Why SMS OTP fails in Nigeria

Fintechs do not send SMS directly. They route through bulk OTP aggregators — companies like Termii, Sendchamp, or Africa's Talking — who in turn send via shared sender IDs registered on each telco's network. Those shared sender IDs get throttled. When ten fintechs are hammering the same sender ID at month-end payroll time, messages queue. Some never deliver.

There is another structural problem: DND (Do Not Disturb) registration. The Nigerian Communications Commission mandates that subscribers can opt into DND, which blocks promotional and transactional SMS categories depending on configuration.

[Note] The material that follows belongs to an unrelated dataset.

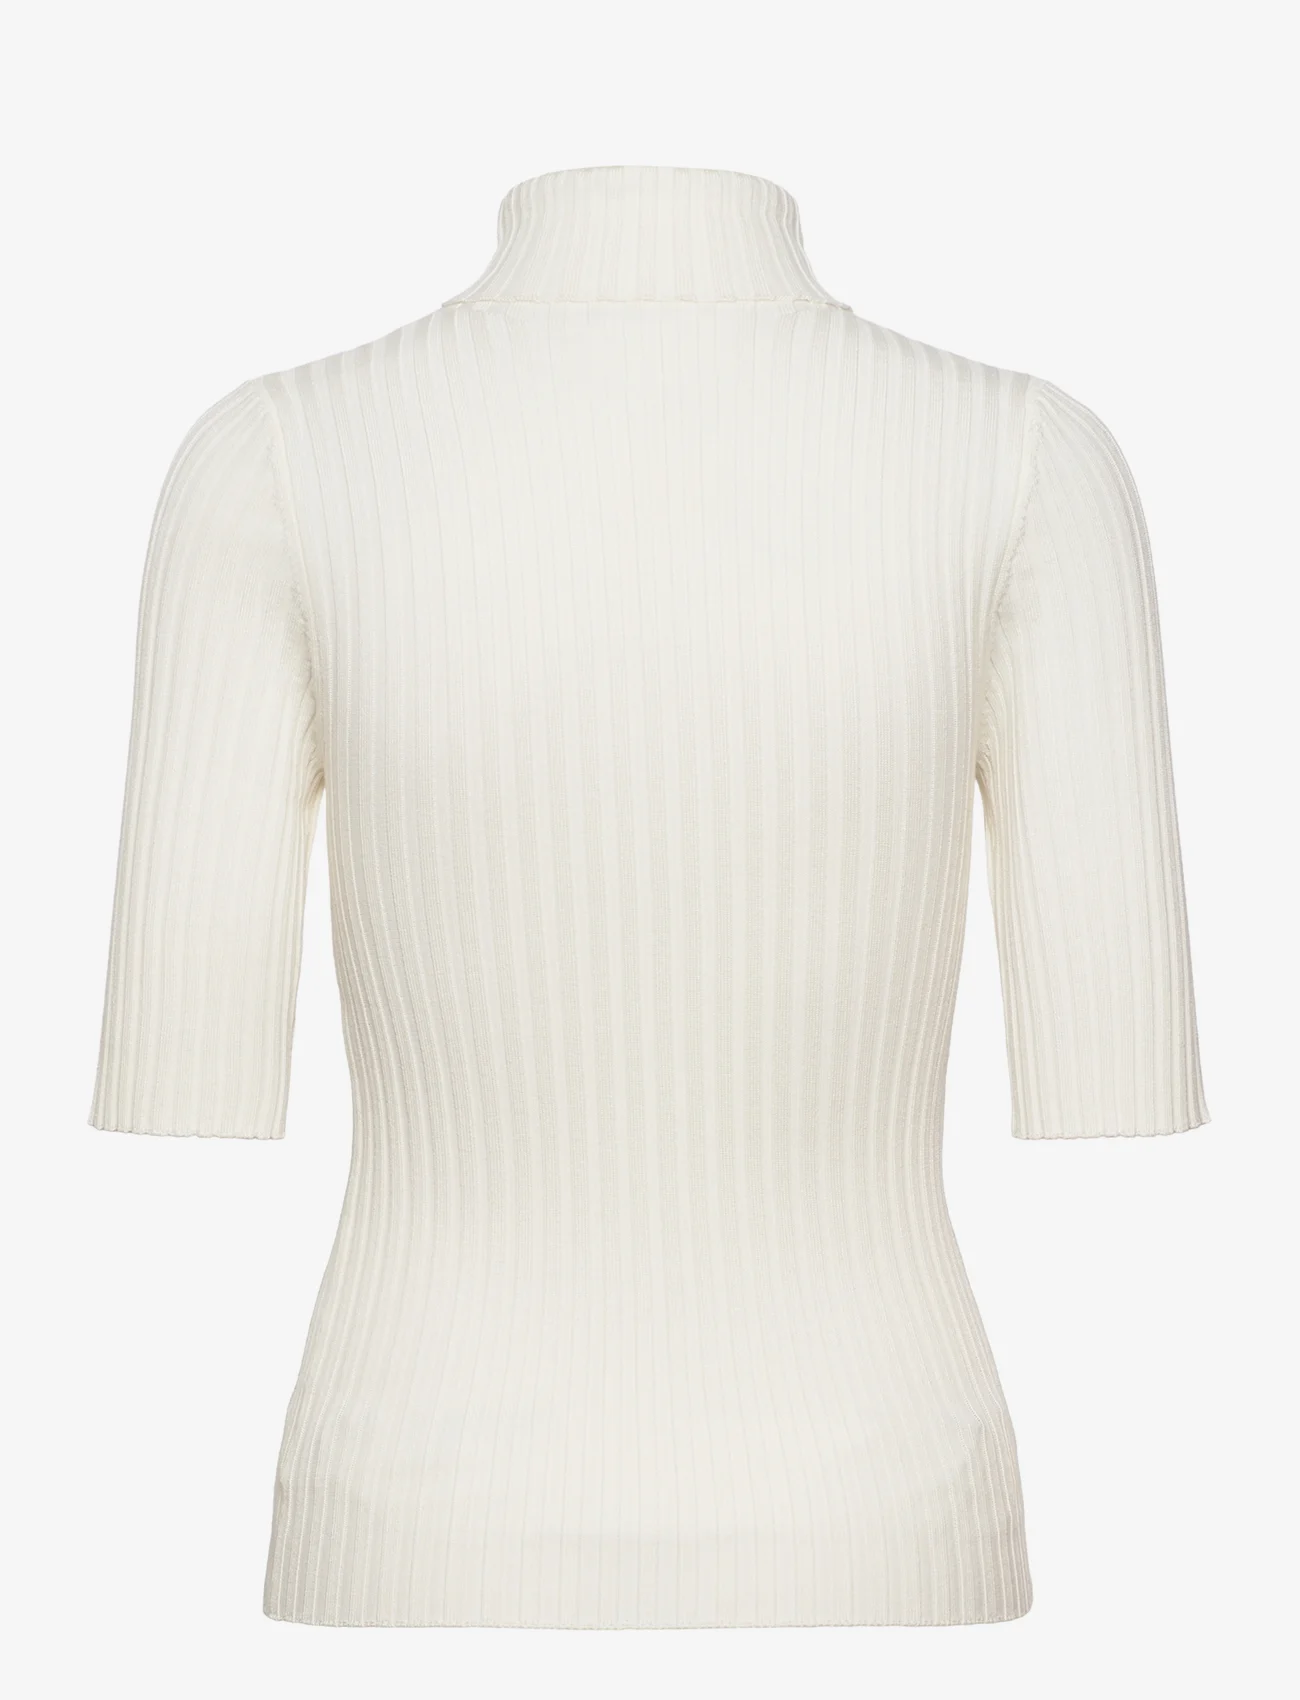 NORR - Franco knit tee - gensere - off-white - 1

A non-trivial portion of your user base may have DND active and will never receive an SMS OTP regardless of delivery quality.

During network congestion events — end-of-month payroll periods, public holidays like Eid or Christmas, major transfer windows — OTP delivery can take 5 to 10 minutes or fail entirely. Users call support. Support agents are overwhelmed. Product teams ship a fallback to reduce call volume. The fallback is where the vulnerability lives.

The fallback landscape

Nigerian fintechs have converged on four common OTP fallback mechanisms. Each solves a real user problem. Each introduces a distinct attack surface.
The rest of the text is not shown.